[Description of the task]
Starting at the line containing "Steven Yeun as" and ending at the line containing "Stable Diffusion rendition", transcribe the listing below exactly. Keep both end lines, skip the pictures, and copy nothing else.

[Supplied records]
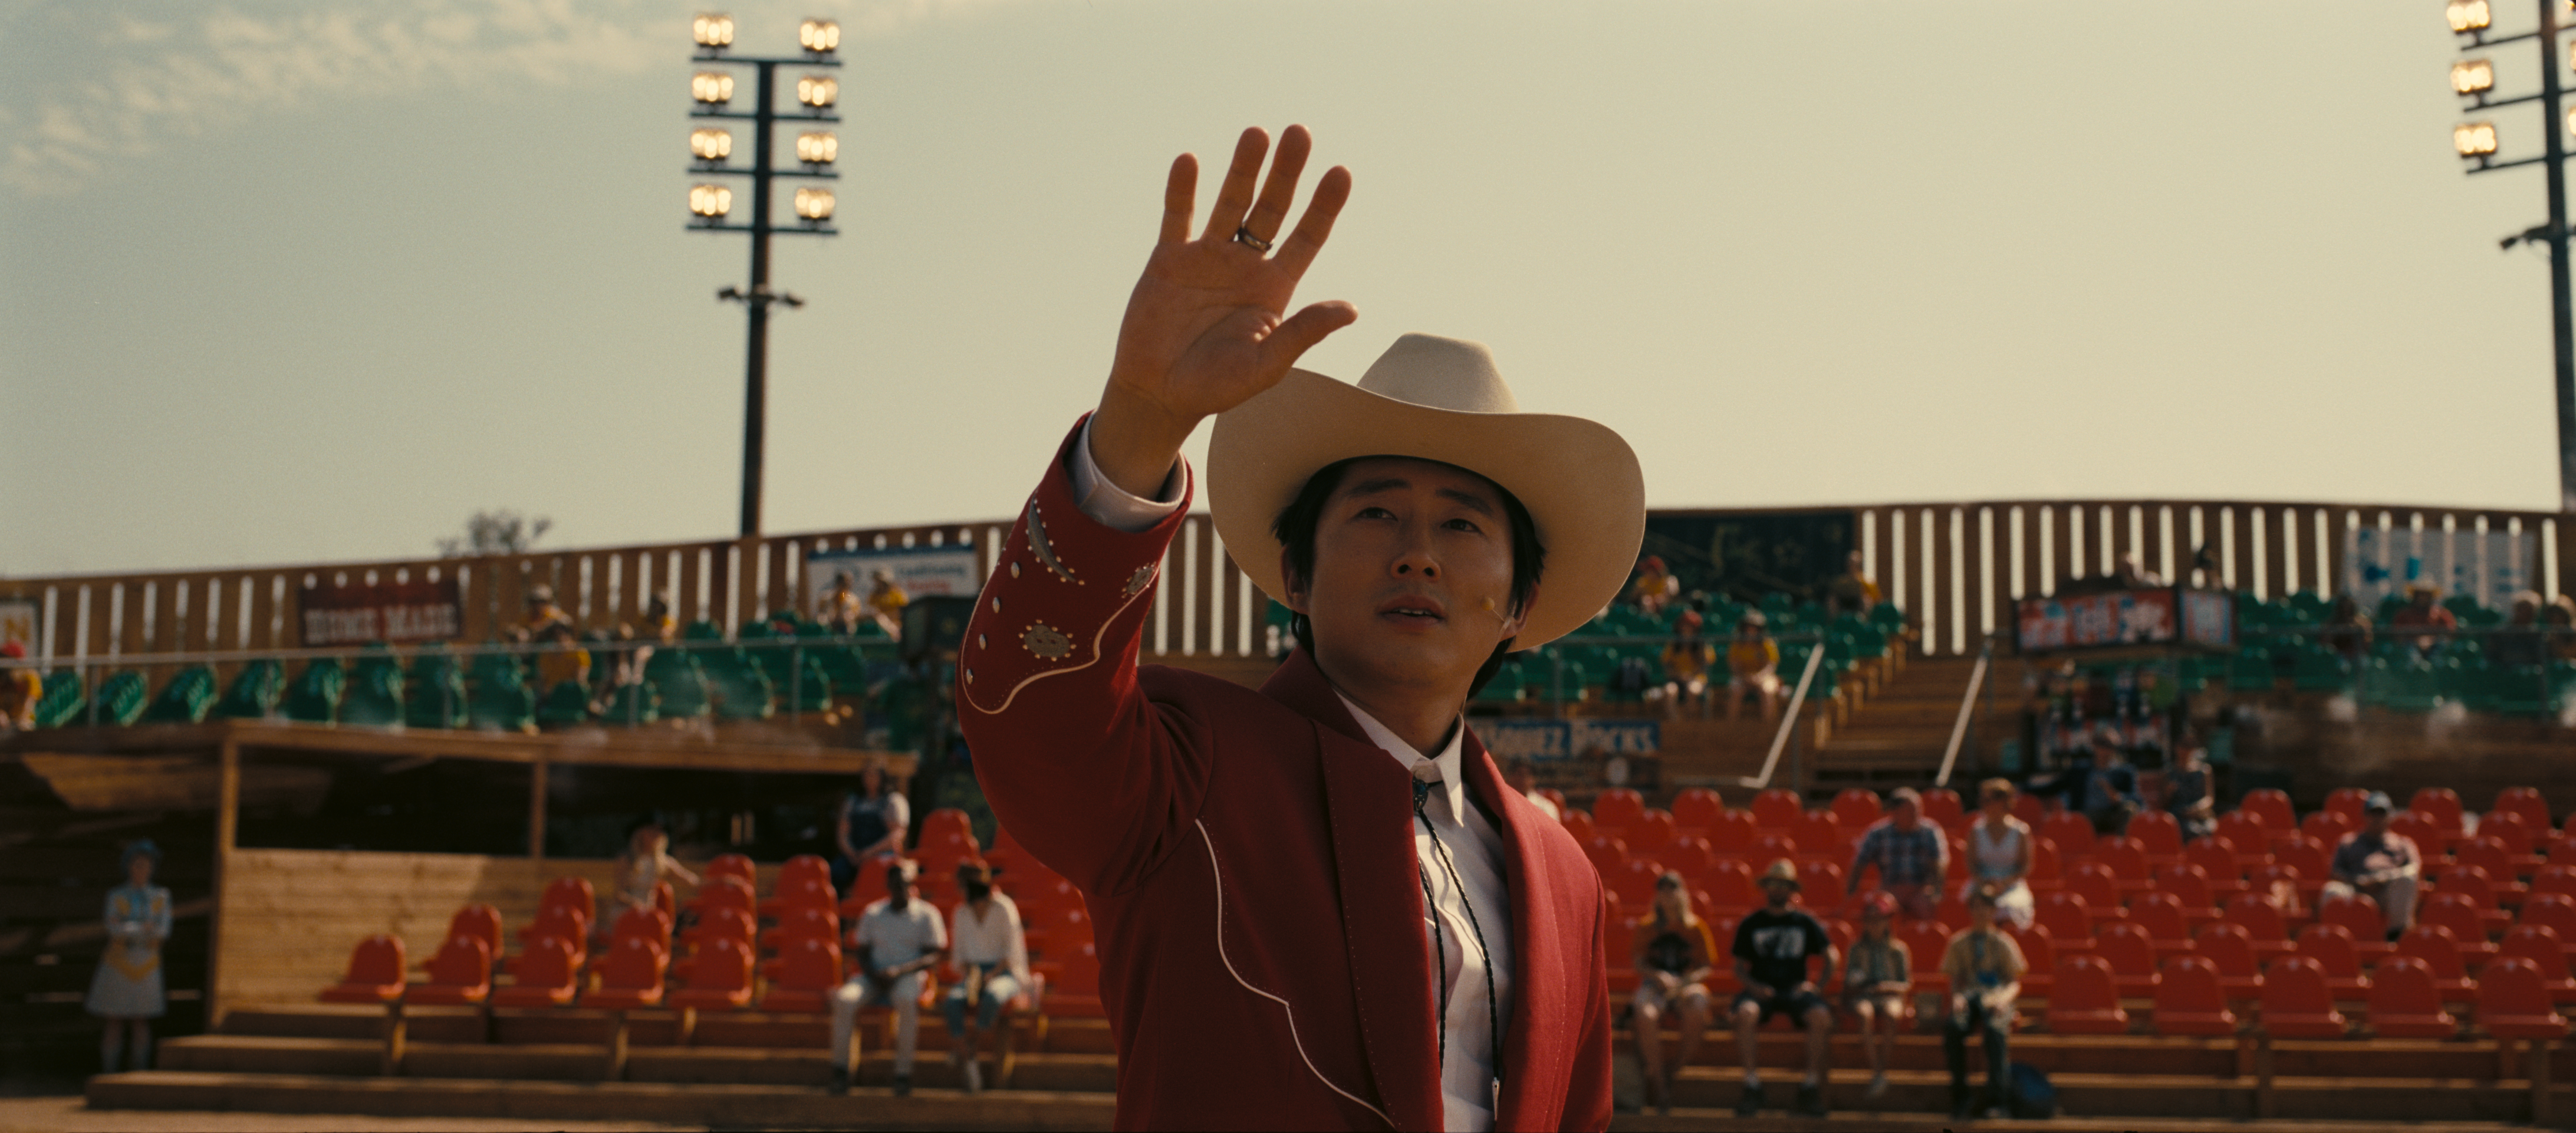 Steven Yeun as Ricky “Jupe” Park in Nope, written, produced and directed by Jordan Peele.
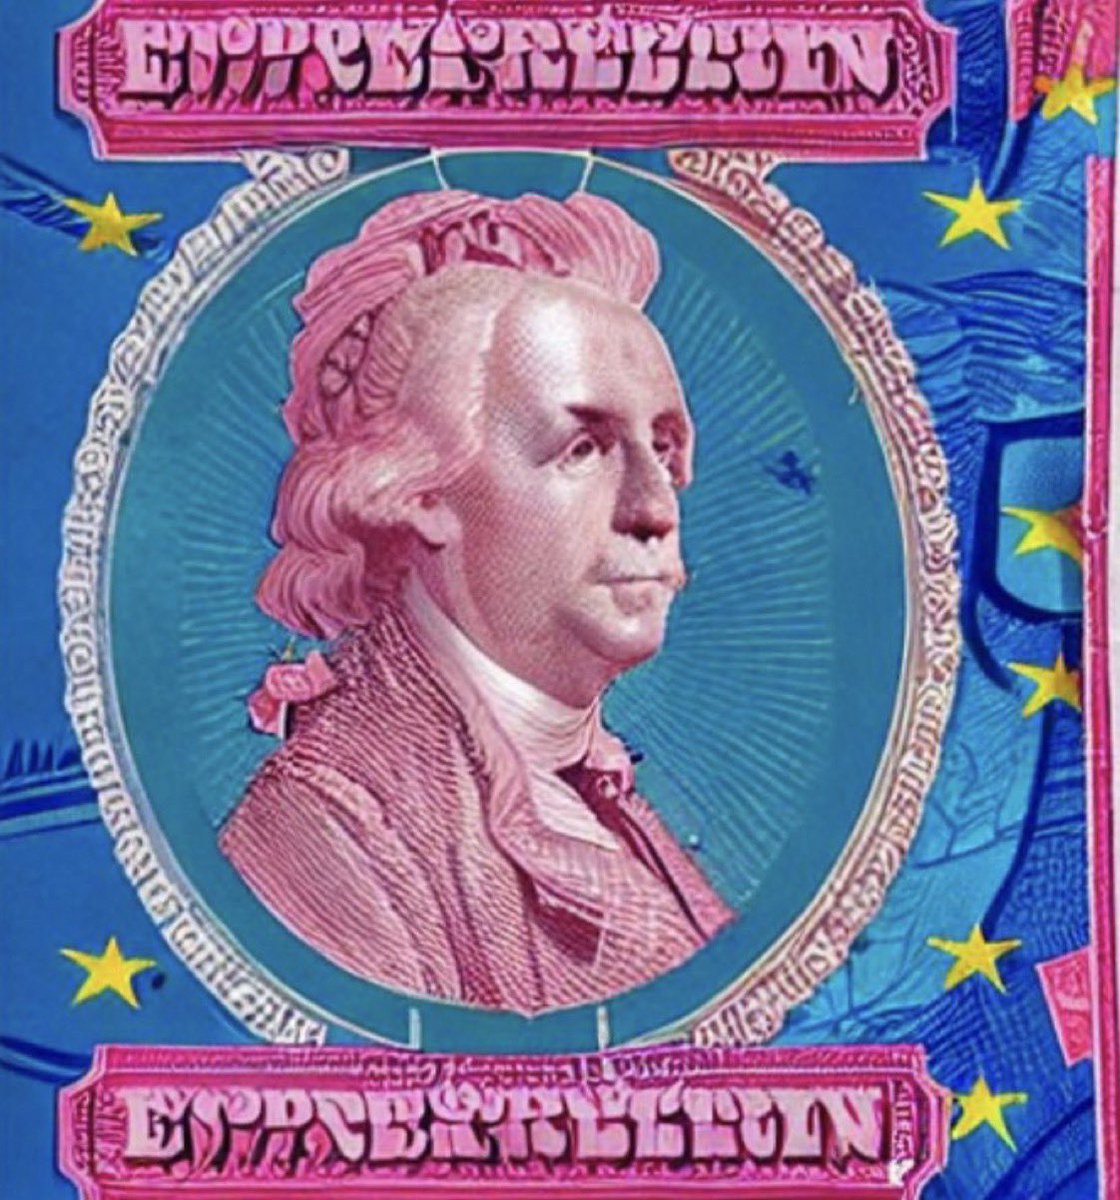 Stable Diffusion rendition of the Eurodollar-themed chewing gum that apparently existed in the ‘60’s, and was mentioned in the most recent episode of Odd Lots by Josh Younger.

==

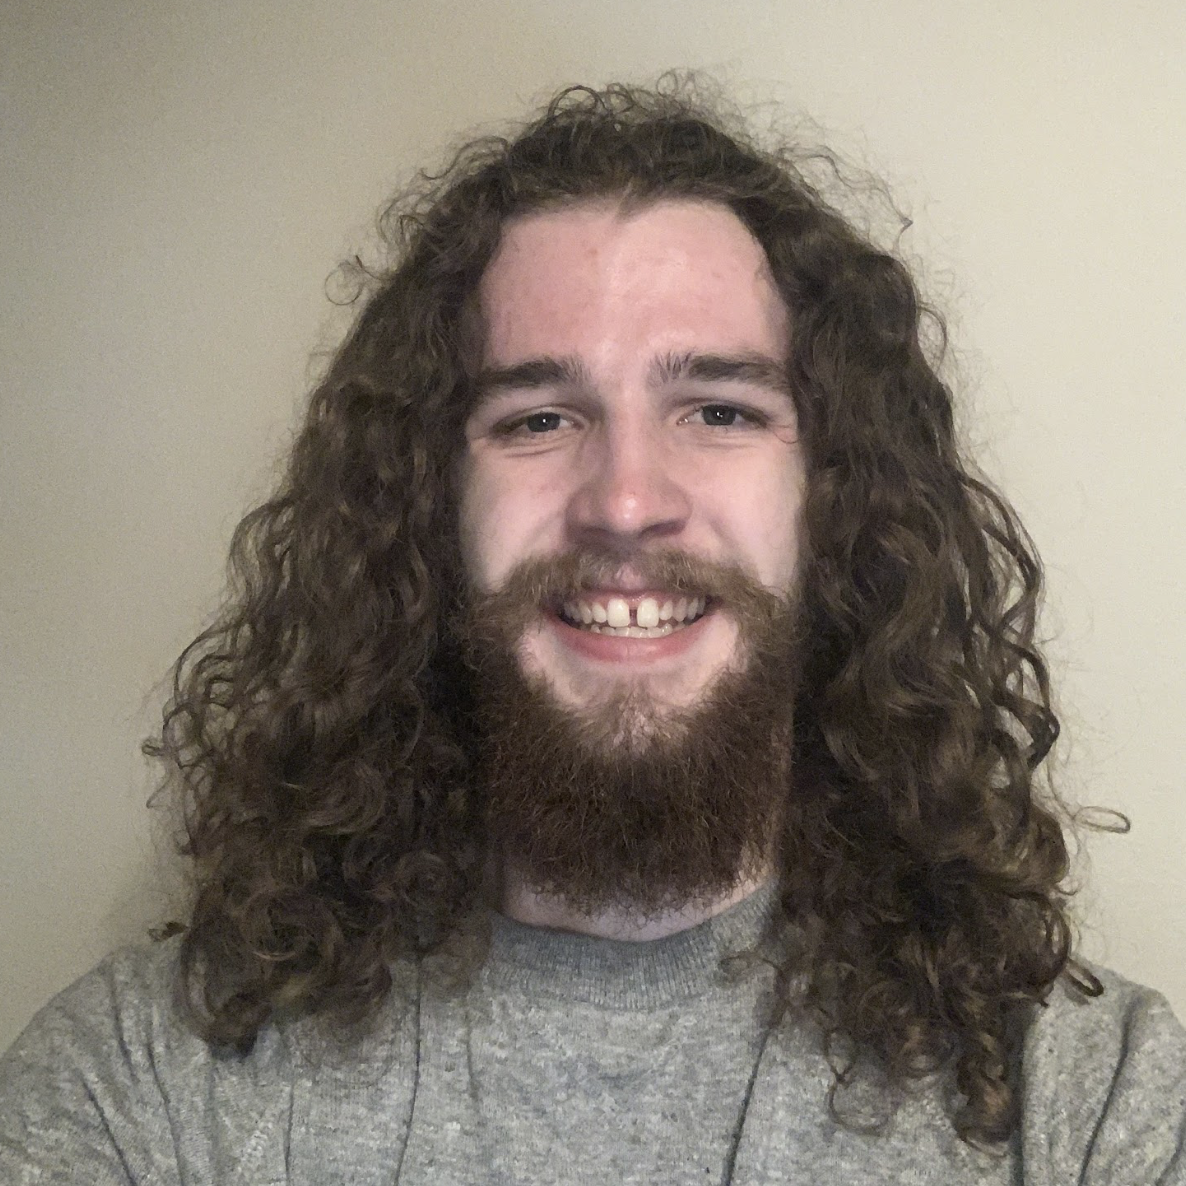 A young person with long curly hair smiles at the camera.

[Exercise response]
 Steven Yeun as Ricky “Jupe” Park in Nope, written, produced and directed by Jordan Peele.
 Stable Diffusion rendition of the Eurodollar-themed chewing gum that apparently existed in the ‘60’s, and was mentioned in the most recent episode of Odd Lots by Josh Younger.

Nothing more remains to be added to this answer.